A Seat at the Table: Ursula Burns on Women in Tech
Ursula Burns
CEO, engineer, mother, change agent and straight-shooter
Applied Technology: Ursula Burns Stirs Up the Status Quo
I stumbled into engineering (and by extension technology). I didn’t even know what engineering was—let alone mechanical or chemical engineering. But I was good at math and I was lucky. I had a wonderful counselor named Connie Costa and I participated in the Higher Education Opportunity Program, which provided support and resources for promising students. When we explored how I could apply my math skills as a practical matter, engineering naturally cropped up. The rest is history—I started as an intern at Xerox in 1980 and left as its CEO in 2016.
“I think at its best, technology gives you time and allows you to be efficient. And at its worst, it takes away time and makes you inefficient. If you’re not disciplined and discerning about it, you end up overwhelmed. You either optimize it or you become overrun. The choice is yours.”
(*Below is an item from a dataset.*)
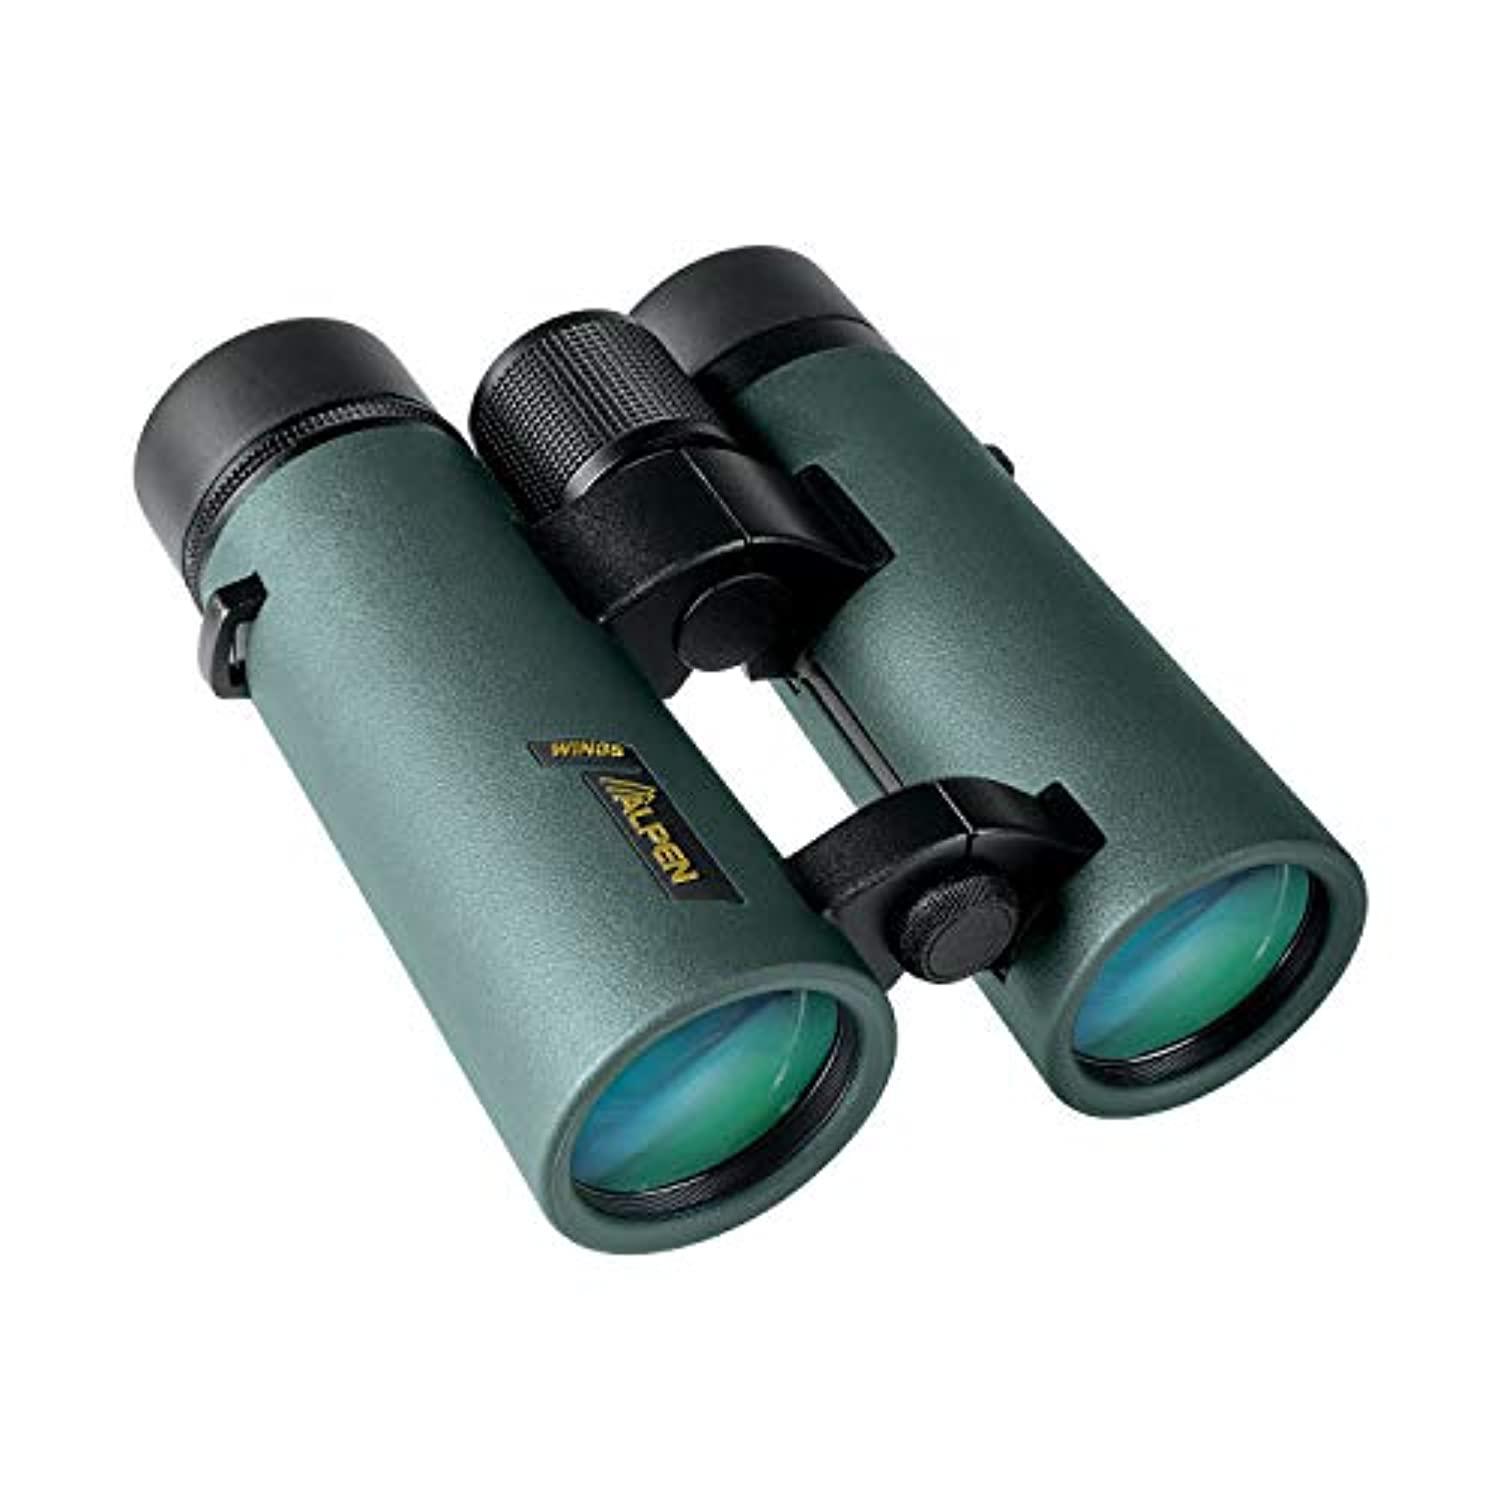 alpen wings 8x42 waterproof binoculars bak 4 optics with long eye relief and fully multi-coated optics
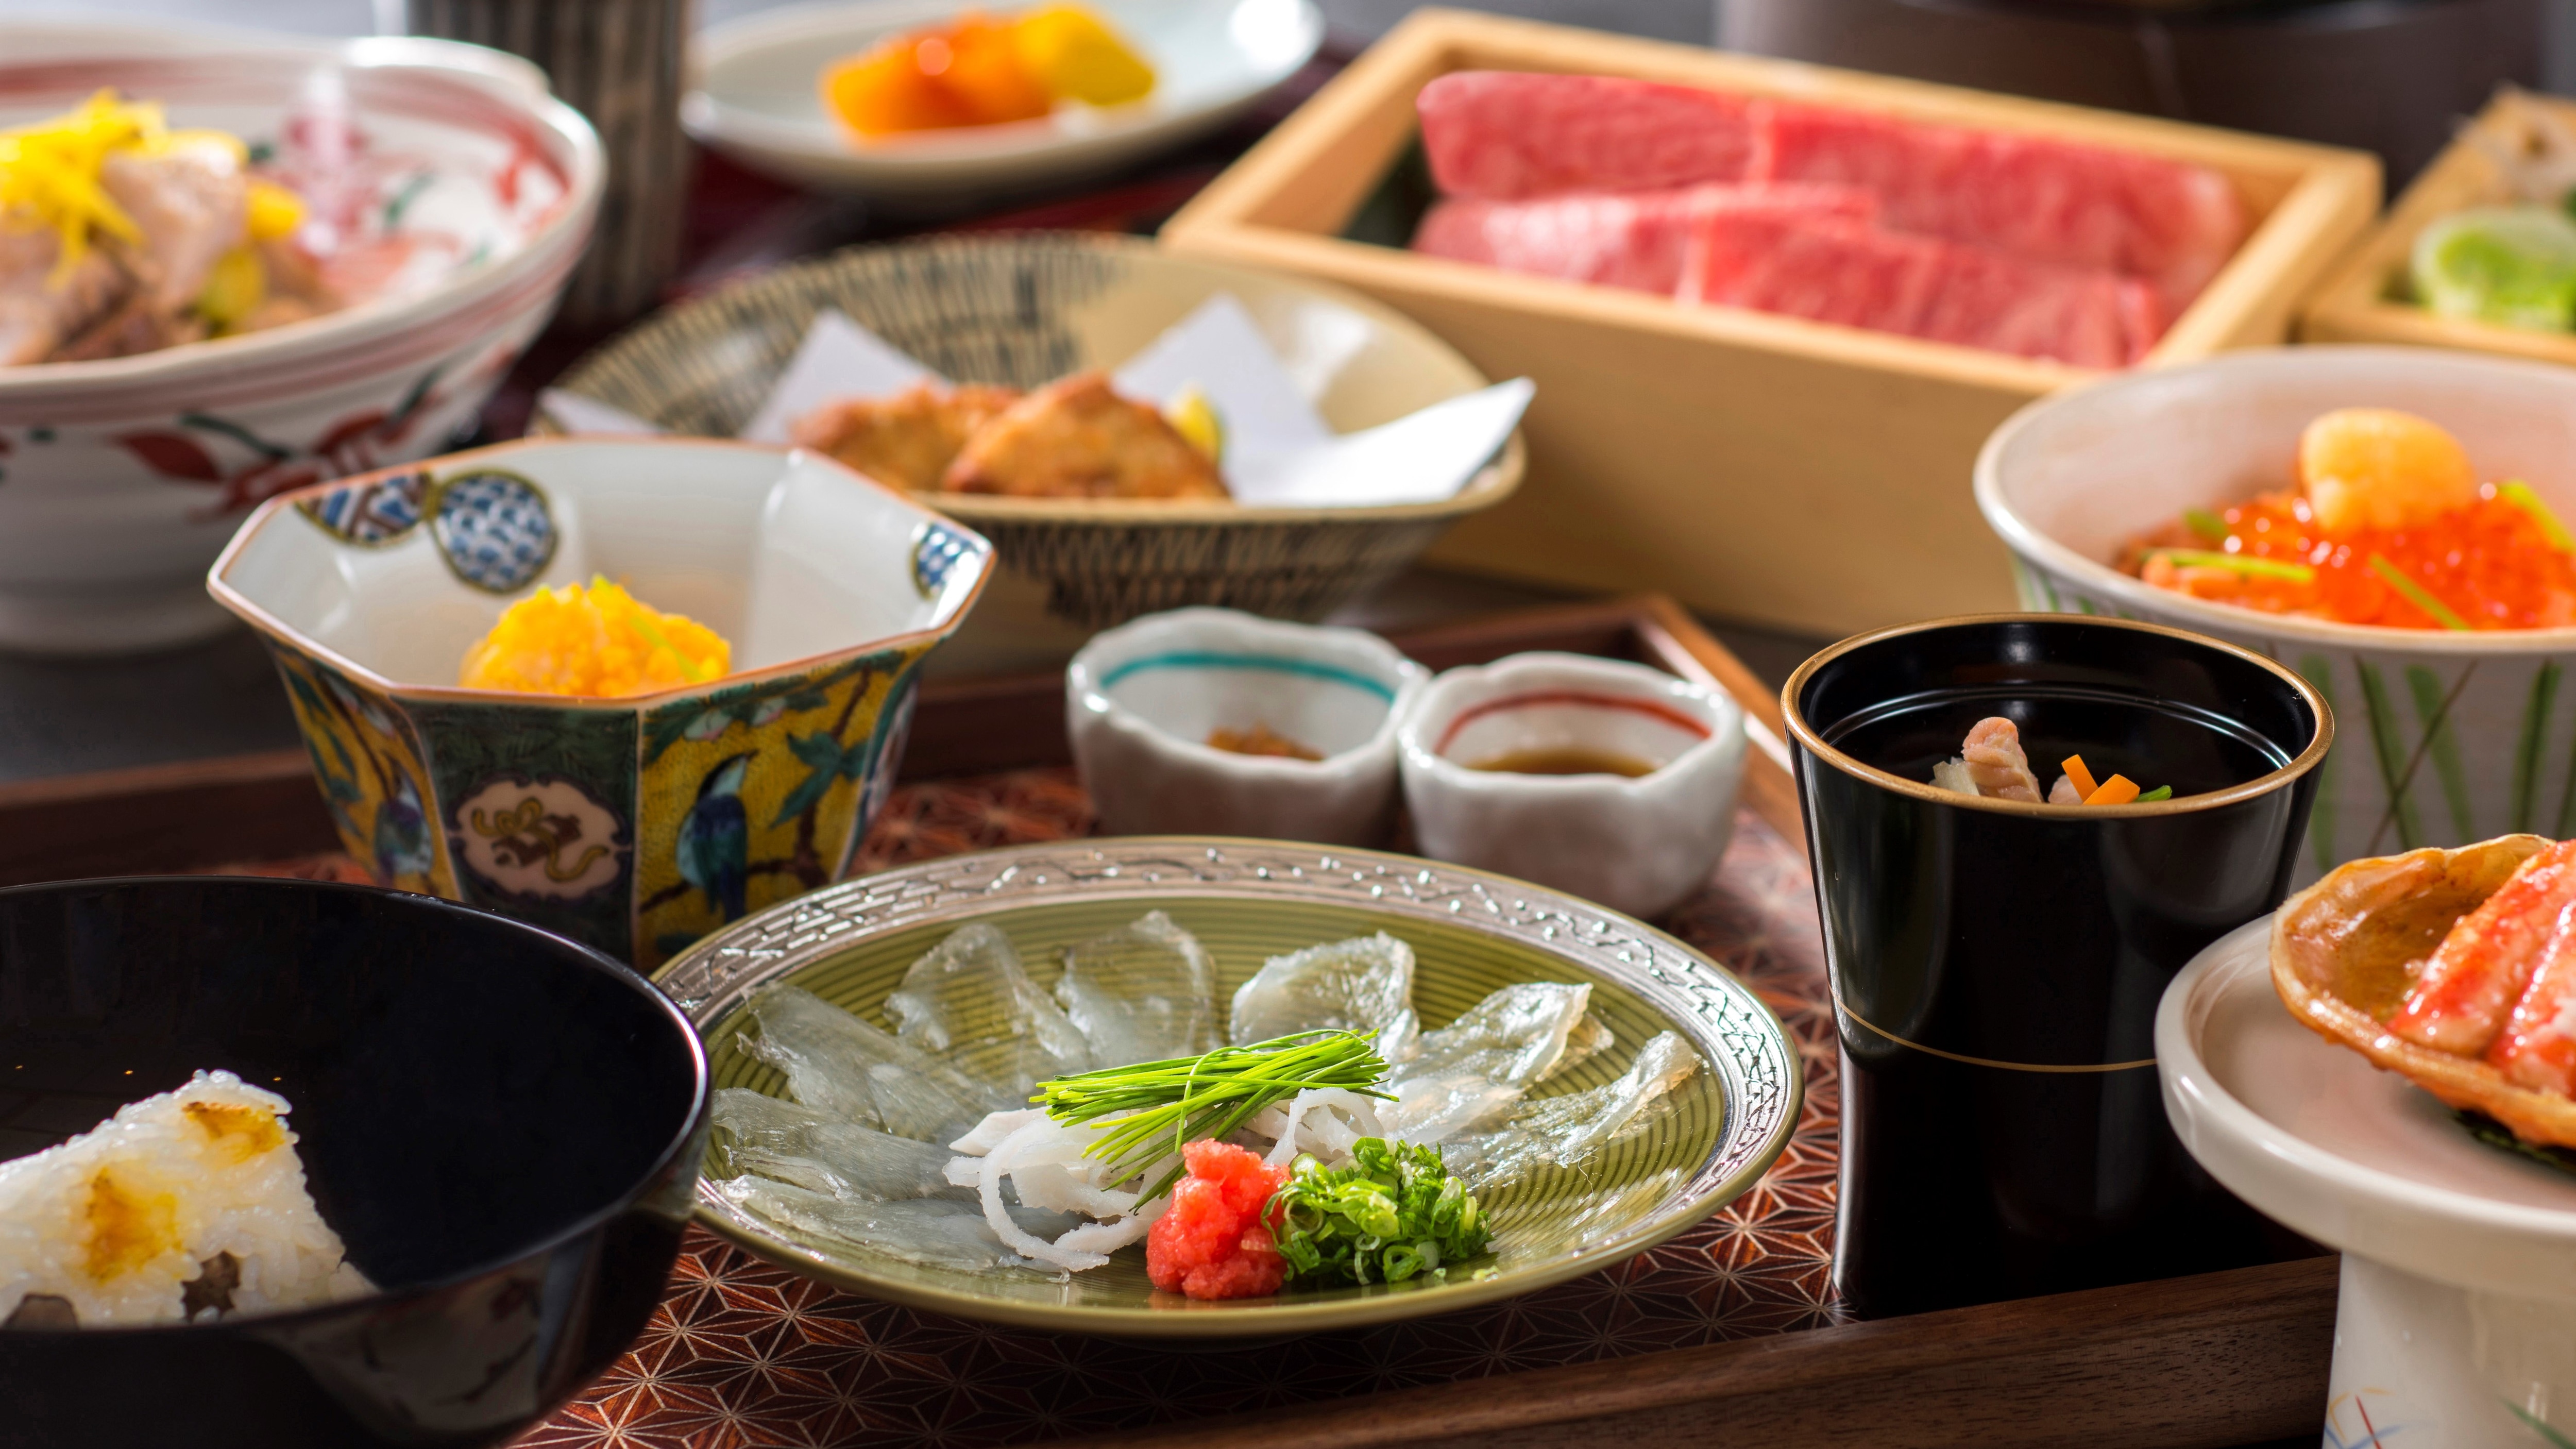 Tea kaiseki-style course meal using plenty of seasonal ingredients

It’s interesting how much we rely on rote memory. After over three decades at Xerox, I recently became the CEO of another company. Walking in, I was immediately struck by how unaware I was of everything about this new place—I didn’t even know where the bathroom was. I was equally shocked about how much was the same: a predominantly male leadership team, habits and tactics established long ago by men, and an organizational favoring of power over knowledge. What excites me as a leader right now—made clear by the pandemic—is that things must change. There has been a massive imbalance in power, knowledge and opportunity. More and more people are activating around the idea that these things must be distributed differently. There has to be a better way.
People often ask me about being a woman (and a woman of color) in technology and what I brought to the table. I always return to the same theme: The most important thing was that I was at the table and I was as good—if not better—than everyone else there. There was, of course, a sense of surprise that I would be there (and I am sure plenty of assumptions made), but I didn’t just stop with being in the room. After all, I walked in just like they did. I am very direct and real with people. I have a strong confidence for what I know and a good sense of humility for what I don’t. I don’t cower away from a challenge. People figured out they better have their game together if they were going to play with me. I know that it changed people’s awareness that talent can come from all places.
I have spent a lot of my career driving change, and the best thing I can tell someone is to engage—start doing something different. You need to take in the reality of where you are today and build a hopeful future for yourself, but then you need to start moving. Not deciding is deciding. As women, we take care of so many other people. We help them confidently and with conviction, yet we won’t do it for ourselves. We would never leave our kids or our friends to just float. If it doesn’t work out, no problem, but do something.